Carl Sandburg’s “Honey and Salt”

From a typed-out collection of poems given to me in 1966 that I excavated fom my attic yesterday: this excerpt from the title poem of Honey and Salt  (1963) by Carl Sandburg [1878-1967]:

          How long does love last?
As long as glass bubble handled with care
or two hot-house orchids in a blizzard
or one solid immovable steel anvil
tempered in sure inexorable welding –
or again love might last as
six snowflakes, six hexagonal snowflakes,
six floating hexagonal flakes of snow
or the oaths between hydrogen and oxygen
in one cup of spring water
or the eyes of bucks and does
or two wishes riding upon the back of a
morning wind in winter
or one corner of an ancient tabernacle
held sacred for personal devotions
or dust yes dust in a little solemn heap
played on by changing winds.

8 thoughts on “Carl Sandburg’s “Honey and Salt”

  1. Many thx for sharing this Cal. I studied it in in a poetry class my sophomore year in college. Re reading this excerpt I have a really different take on it 50 years later.

    Sent from my iPhone

    >

    1. I have been having similar reactions to the poetry I first read in high school.

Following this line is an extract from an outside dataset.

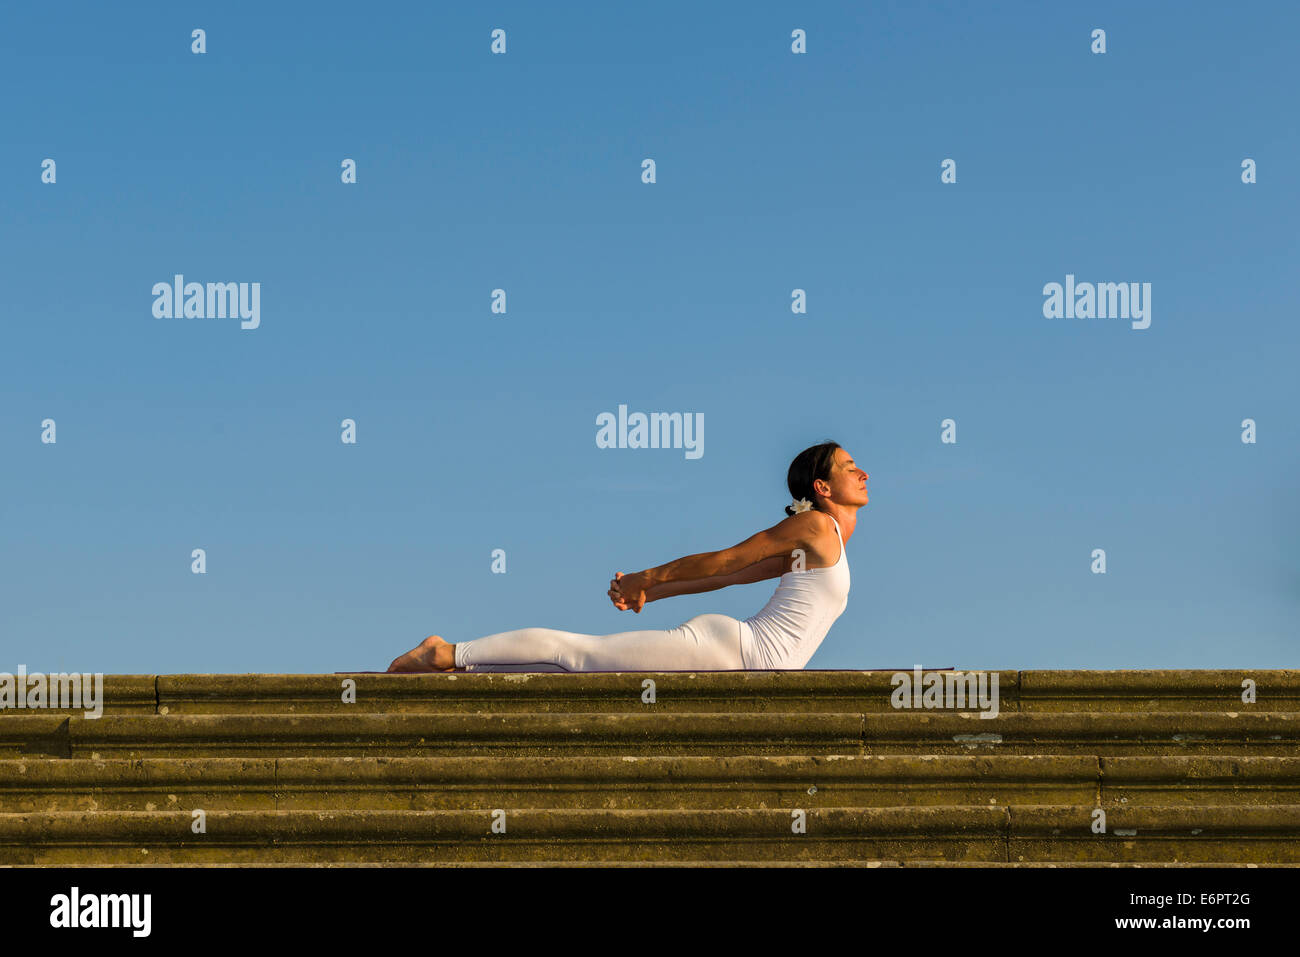 Junge Frau Hatha Yoga im Freien praktizieren, zeigt die Pose Bhujangasana, Kobra-pose Stockfoto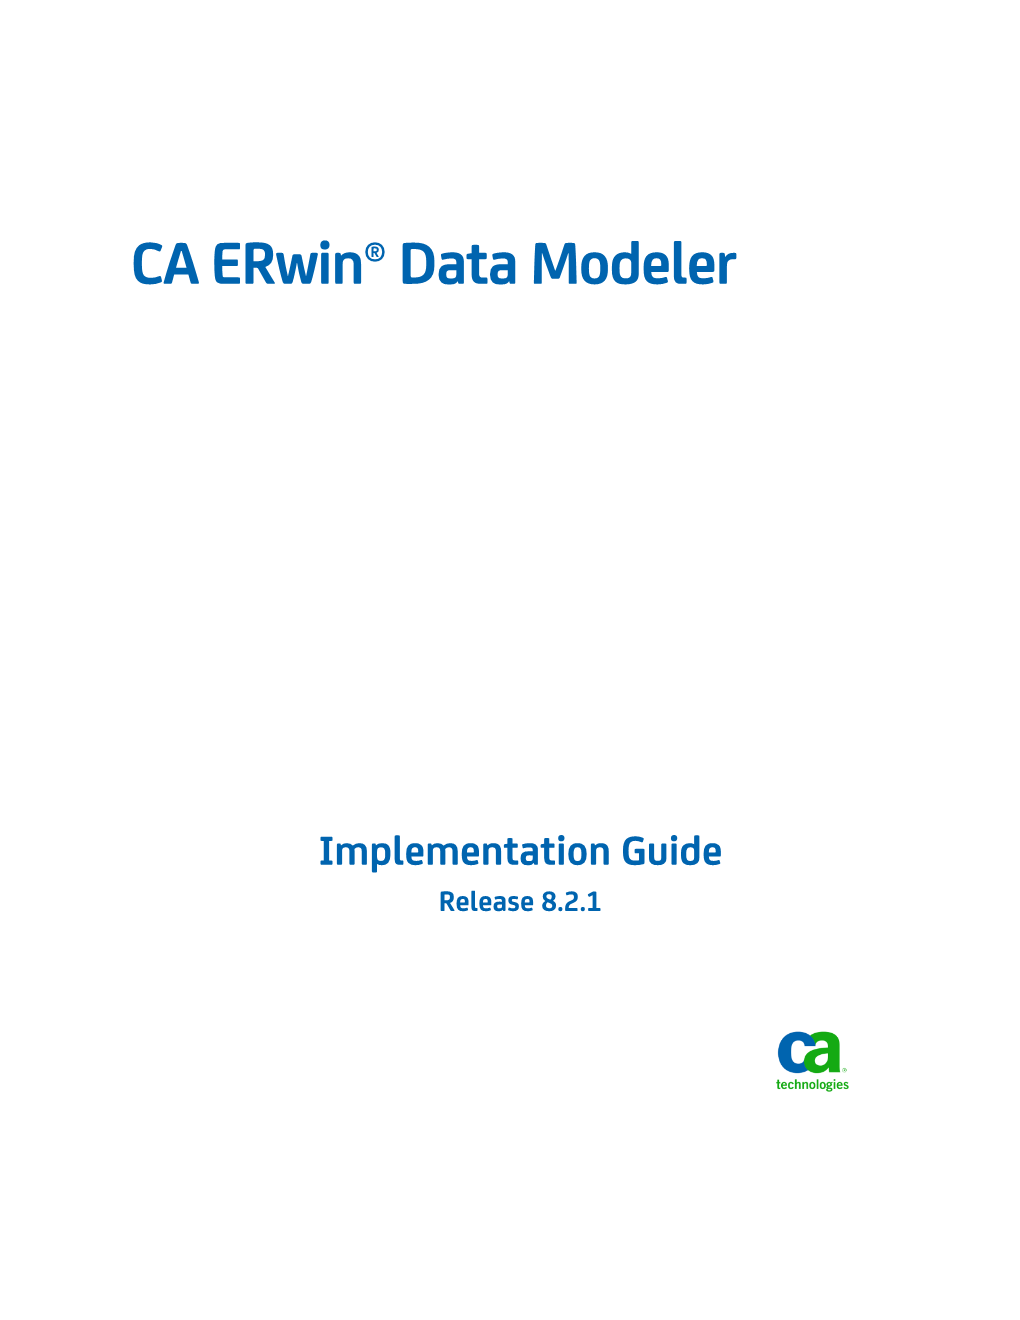 CA Erwin Data Modeler Implementation Guide

I liked it then, but it means so much more to me now. Also, I finally begin to understand how some people have decided to stop reading almost anything except poetry. When you stumble upon a poem that captures something perfectly, prose by comparison seems almost superfluous!

    1. Thanks for reading my blog, David. Some of the other parts of this long poem are full of equally wonderful imagery. I had long forgotten how much I had liked Sandburg’s poetry; glad I stumbled across it again!